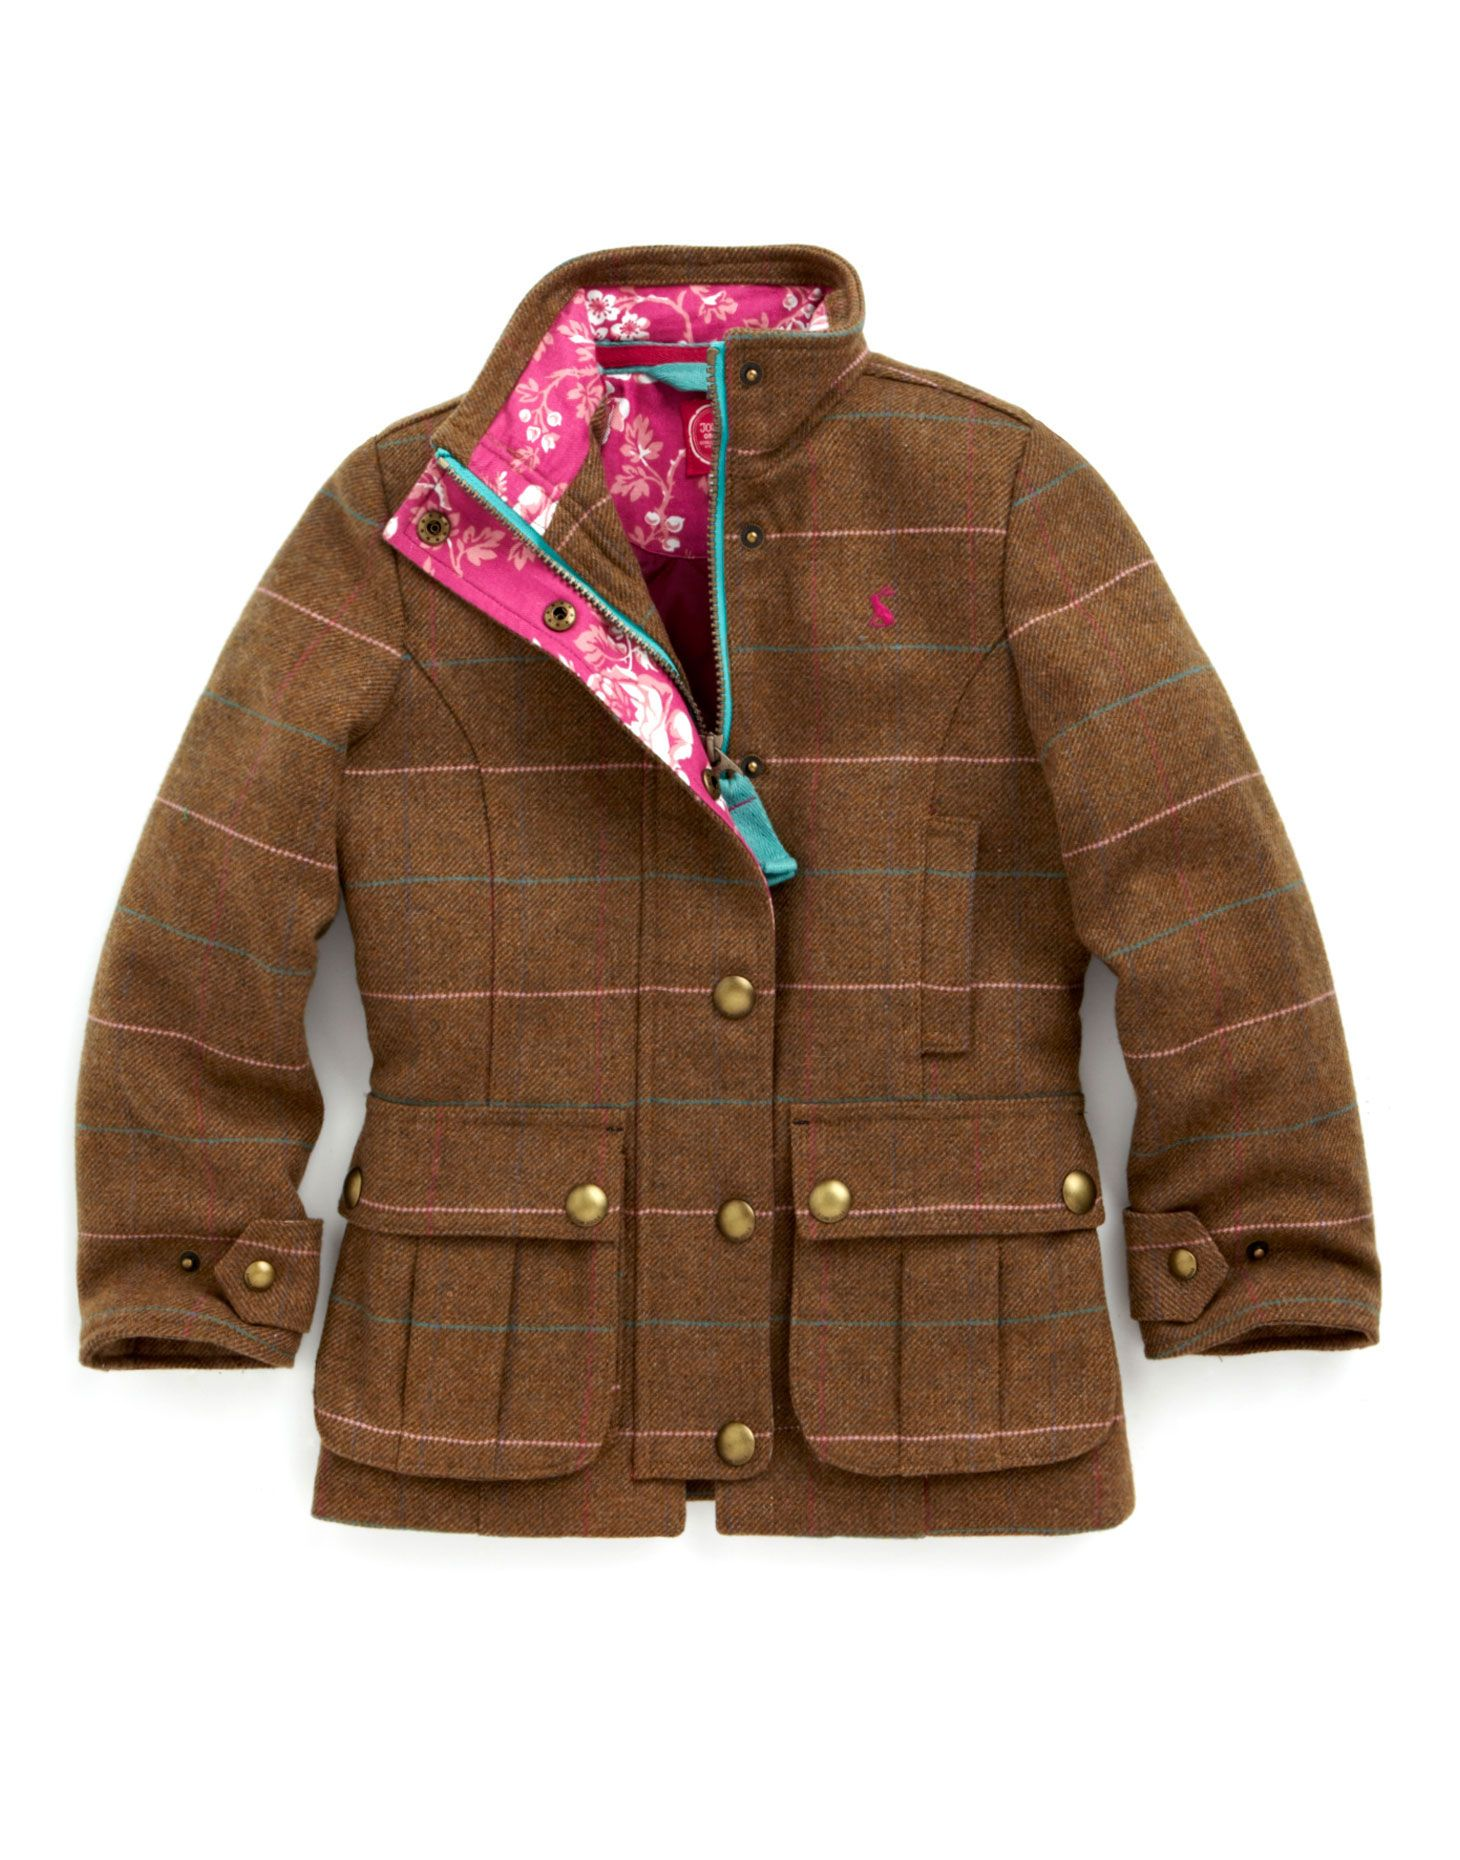 JNR ASTBURY Girls Tweed Coats, Brown // Joules | Little Style ...
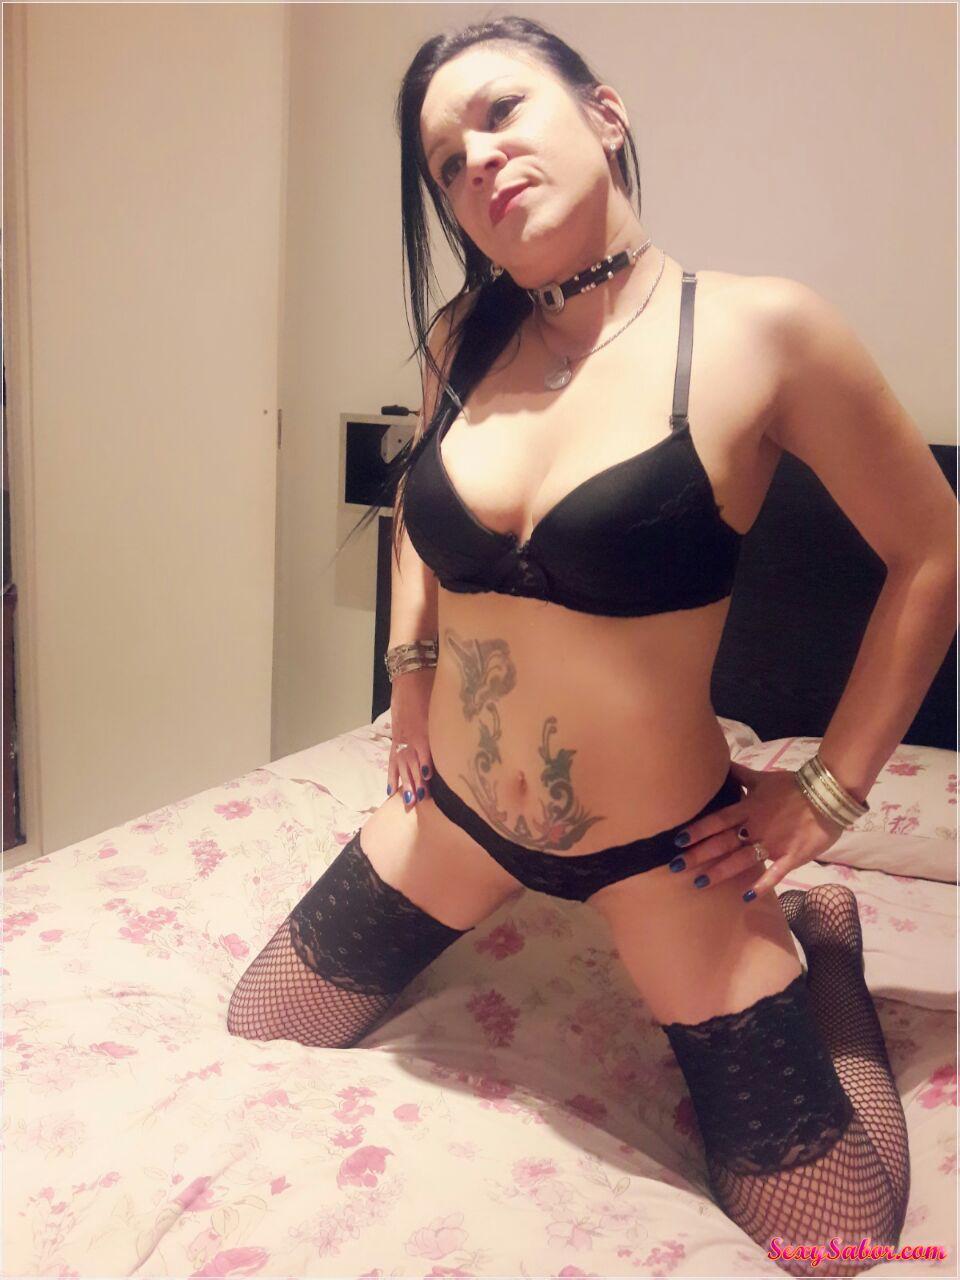 Vikky Hot 15-4928-3883
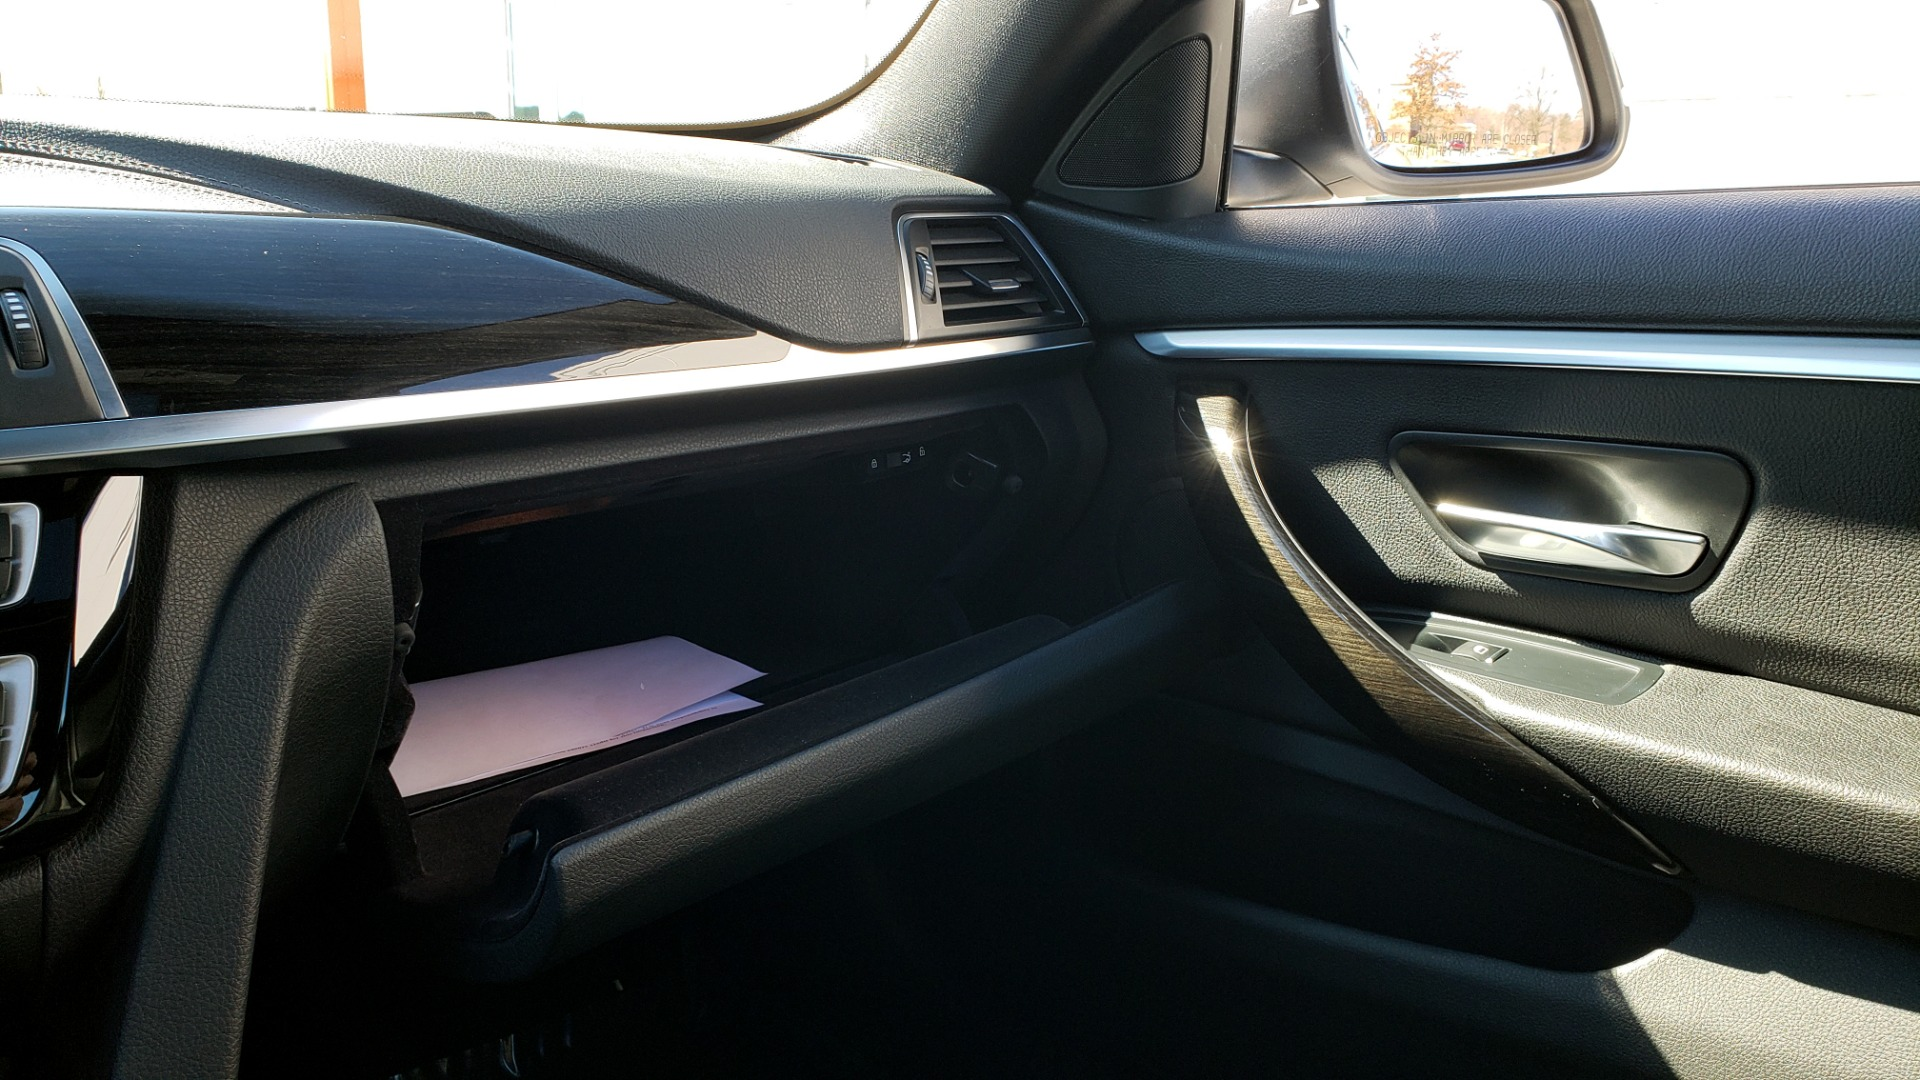 Used 2018 BMW 4 SERIES 430IXDRIVE / PREMIUM / NAV / SUNROOF / ESSENTIALS PKG for sale $28,995 at Formula Imports in Charlotte NC 28227 53

____________

▸ **Exercise directions**: Each line above is to be copied verbatim. Drop any image from the copy.

▸ **Task output**:
 JNR ASTBURY Girls Tweed Coats, Brown // Joules | Little Style ...
 Vikky Hot 15-4928-3883
 Used 2018 BMW 4 SERIES 430IXDRIVE / PREMIUM / NAV / SUNROOF / ESSENTIALS PKG for sale $28,995 at Formula Imports in Charlotte NC 28227 53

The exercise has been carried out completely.